• Recorded information

*** Block opens ***

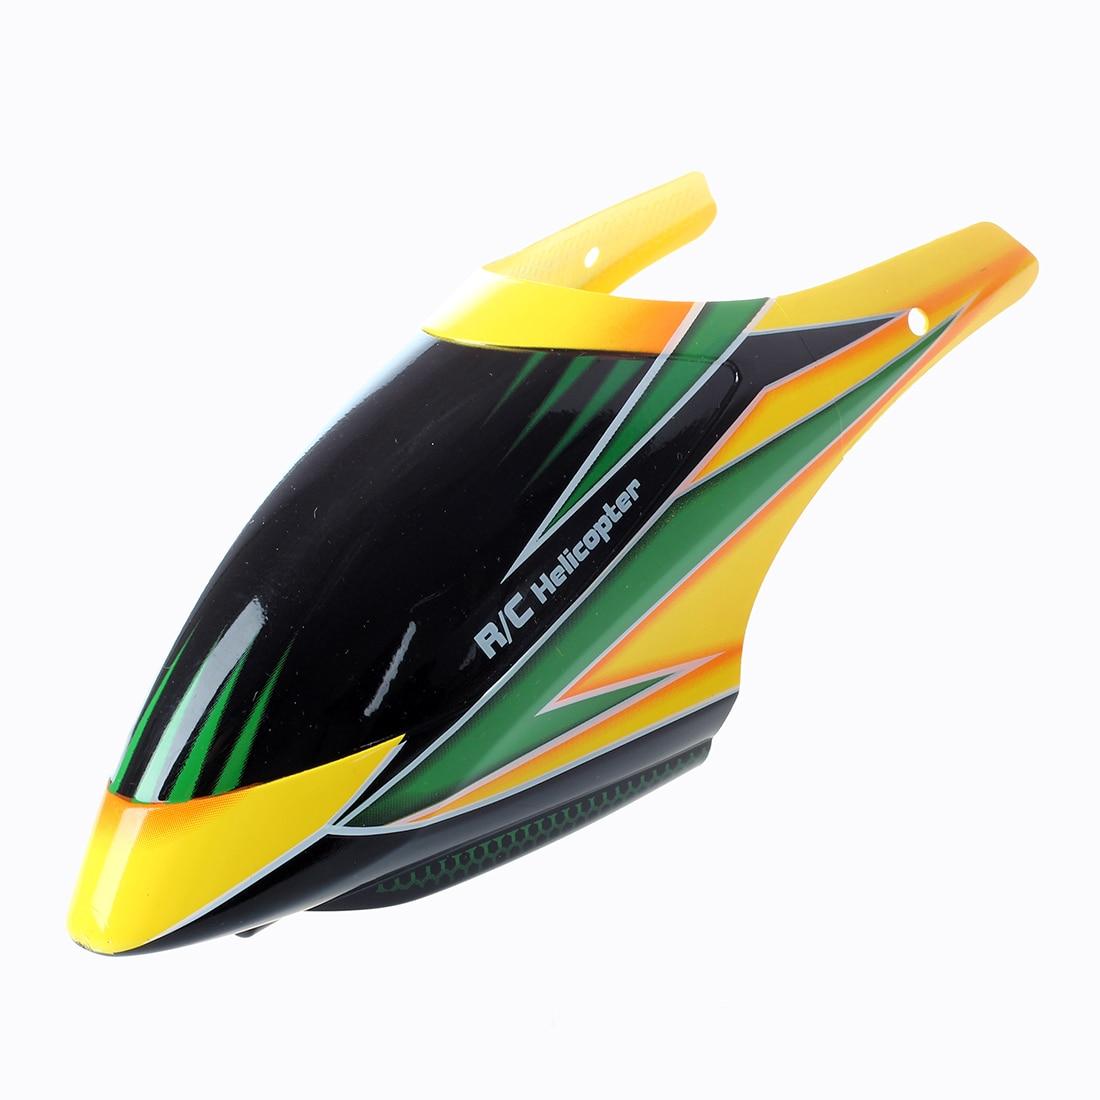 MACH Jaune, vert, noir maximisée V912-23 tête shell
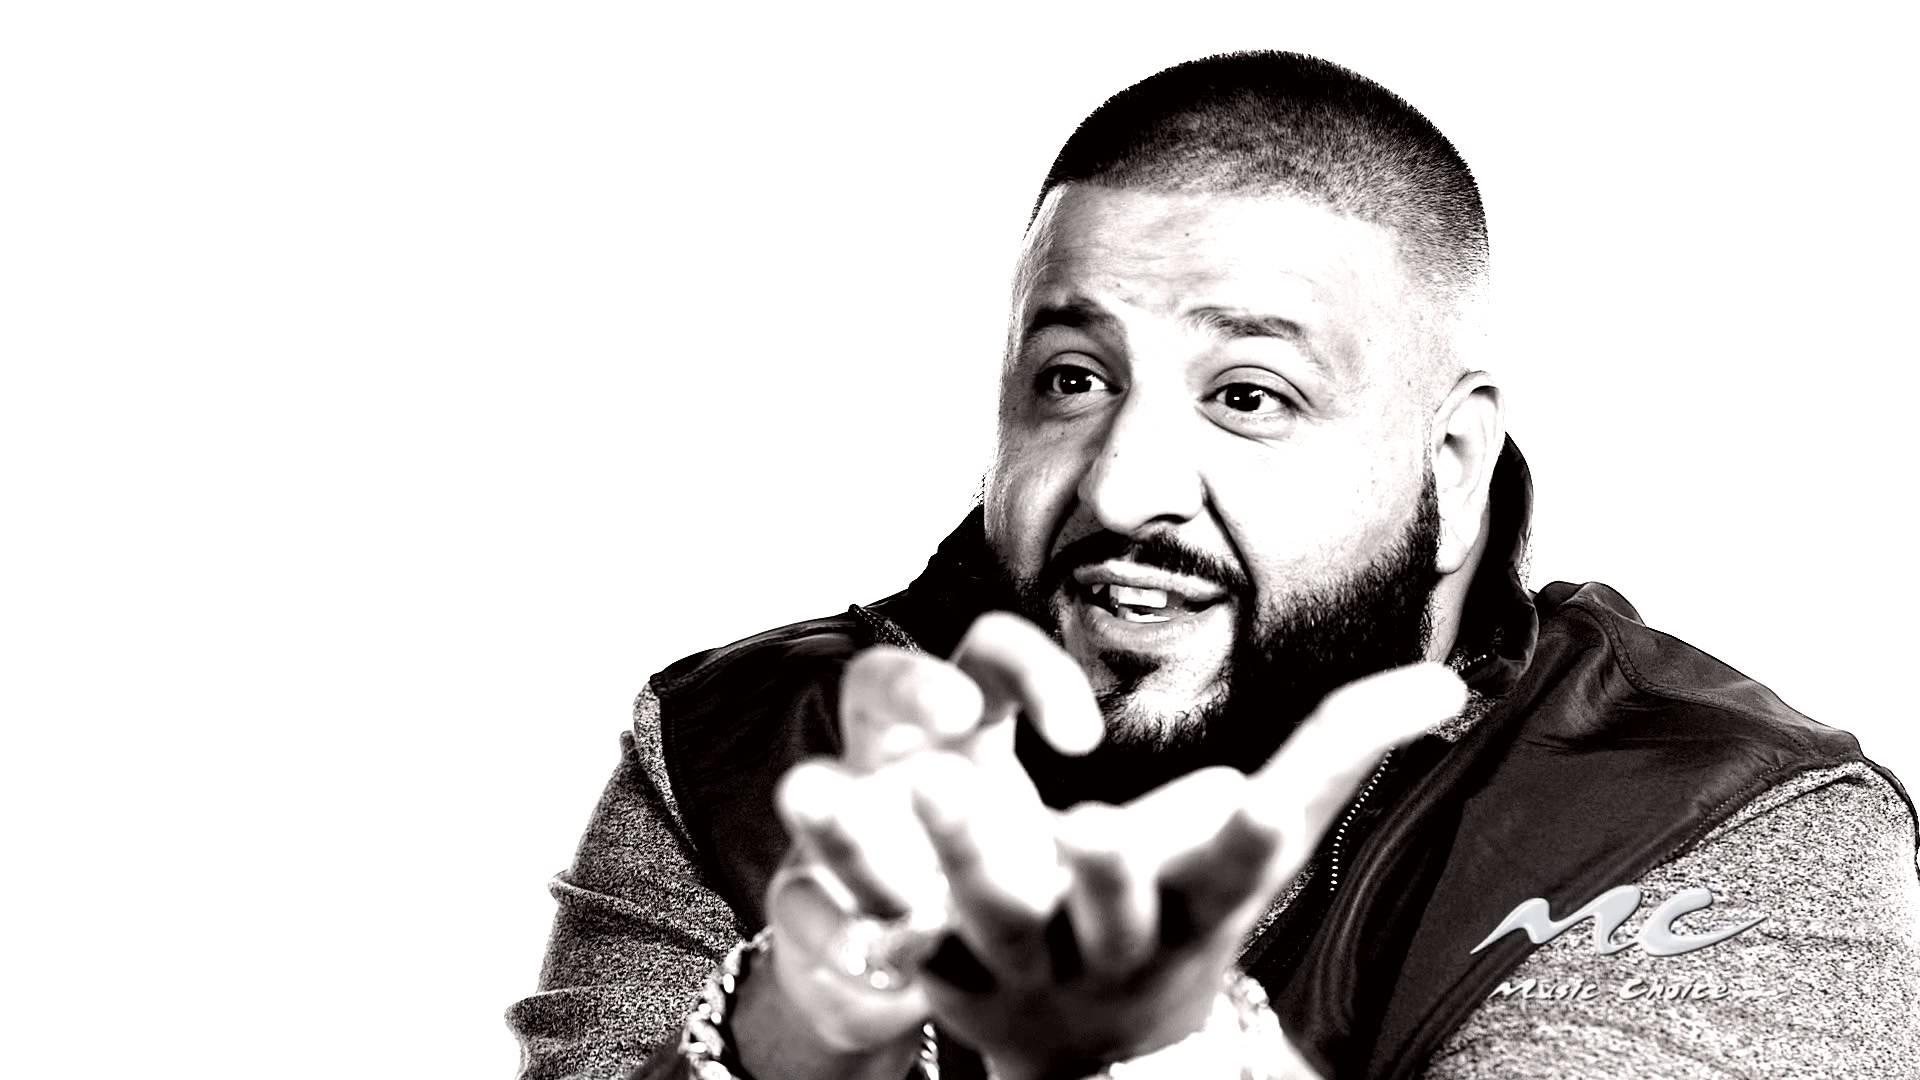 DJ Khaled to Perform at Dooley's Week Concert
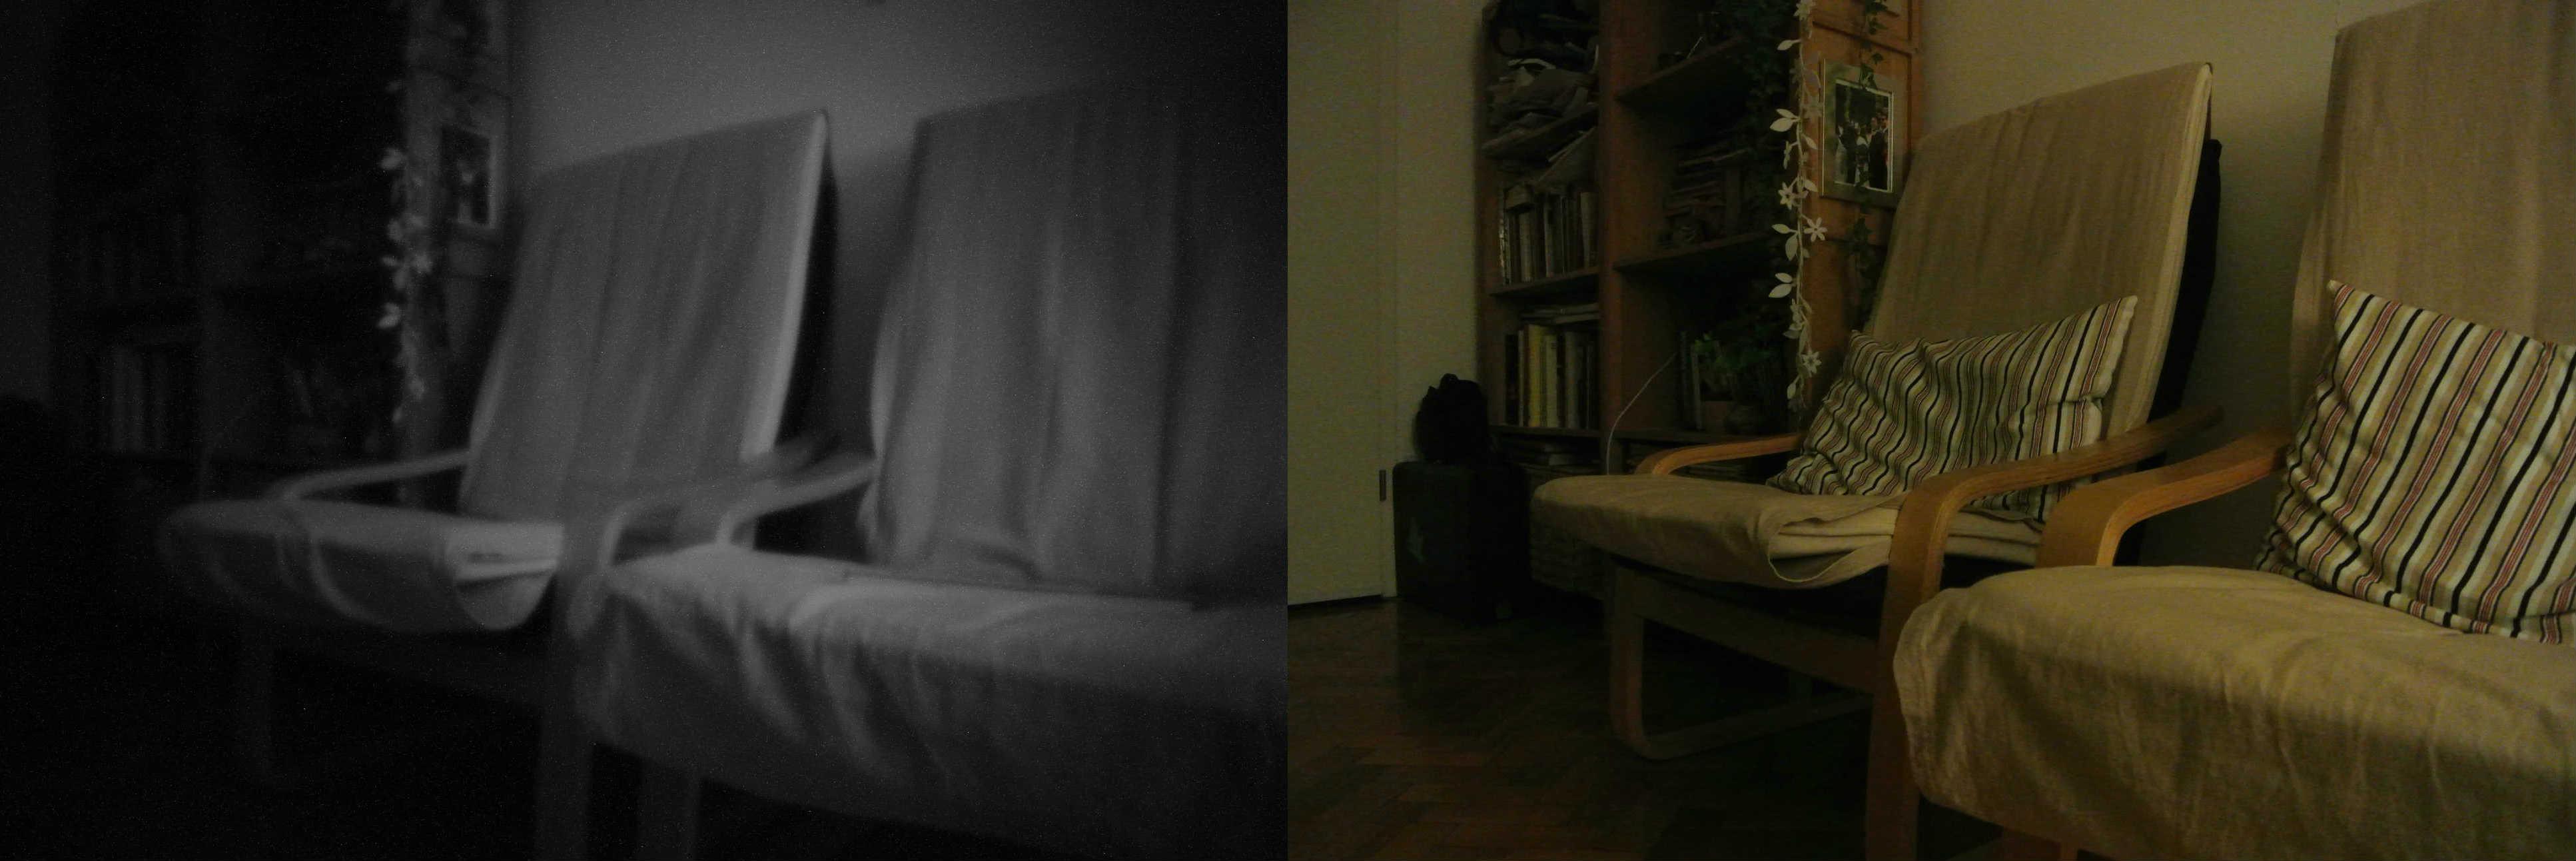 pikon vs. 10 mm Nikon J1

*** Block closes ***

• Work request
The result should be the same data as above, line for line, with the pictures gone.

• Reply to the task
 MACH Jaune, vert, noir maximisée V912-23 tête shell
 DJ Khaled to Perform at Dooley's Week Concert
 pikon vs. 10 mm Nikon J1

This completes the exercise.